Now, let’s generate a workflow for the well-known IRIS dataset. You can either use one of Orange’s built-in datasets or import one of your own.

Step-1: Using widgets library, select File widget

Widget options in the left pane of the orange window

Now, after double-clicking the File, we need to select the dataset, here we have utilized the IRIS dataset.

Step-2: After importing the dataset with the File widget, we create a flow between File-Data Info Widget by dragging a line from File widget to Data Info (Creates Channel). Simply drag and drop the widget into the canvas and make a link between two widgets.

The Data Info widget is used to gain information about the data that has been loaded. It also shows the dataset’s row count, column count, and targets and the dataset’s name, size, features, description, row count, column count, targets, and data characteristics.

Similarly, then we establish a flow between File-Data Info, File-Scatter Plot, File-Data Table, and File-Distributions. We can design a simple workflow in Orange in this manner.

We also use Select column or Select row widgets to filter out unnecessary rows and columns.

Select Column

As shown here, we can shift the features into the available variables category or into the Target Variable category as per requirement.

Scatter Plot Widget

It is used to plot scatter graphs between desire features. We also change X-axis and Y-axis values, we also directly get informative projections and also plot in color regions.

Data Table widget

Use the Data Table widget to view your data in tabular format.

Distributions Widget

To acquire a graphical representation of the dataset values, utilize the data Distribution widget. The distribution of different features from the dataset may be easily viewed here. The distribution based on petal width Split by Iris can be seen in the image below. Similarly, you can use different combinations between features and target variables to visualize your datasets.

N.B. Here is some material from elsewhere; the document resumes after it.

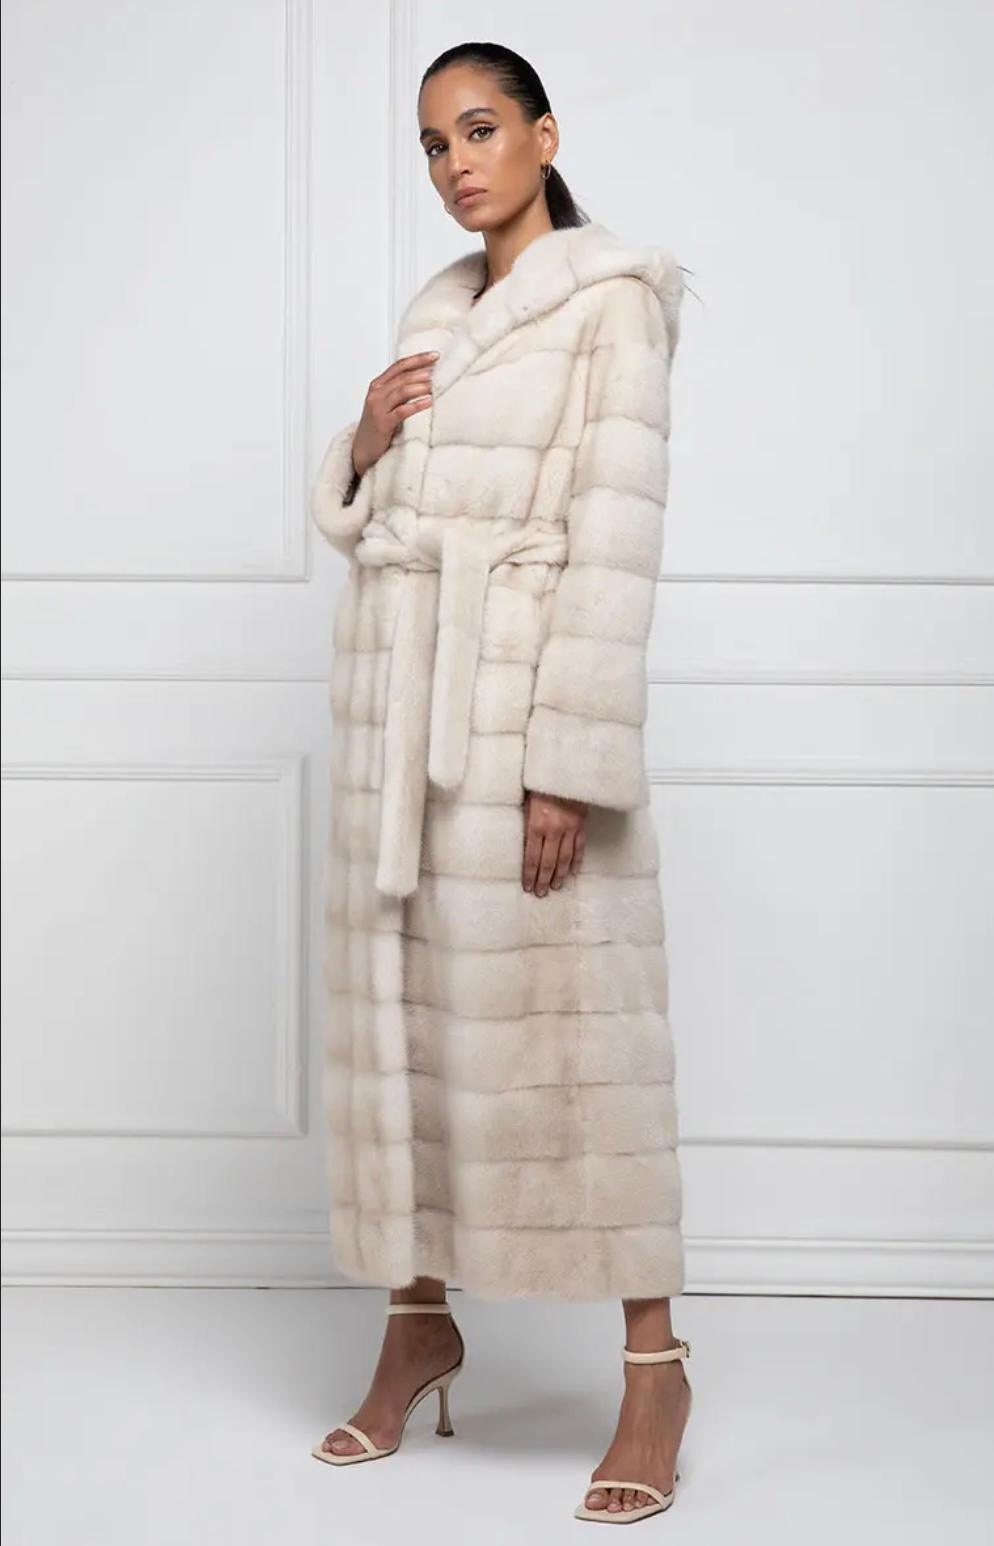 Female Mink Coat
Pearl Mink Coat with full skins. Also this mink coat, as the most part of the collection, is made using female mink carefully selected by our laboratories. The type of mink fur used for this mink coat is Danish, precisely from the

How to load your data or external data from API in Orange?

To load tabular data from URL or local machine, we can use the File widget itself. In the below image, we can see there are two options, File and URL if we need to load data from the local machine, we have to choose a file, and on the right side of the file, there is a folder icon using it we can load from the local machine.

If you want to import a dataset available online, you need to add the URL of that dataset into the URL field to import the dataset. If you want to import a dataset that is already downloaded on your machine, then you just need to select the browse option, which is next to Reload option and select the appropriate dataset as per your requirement and then load it into your workflow. Another option is we can use the CSV File Import widget to import CSV files.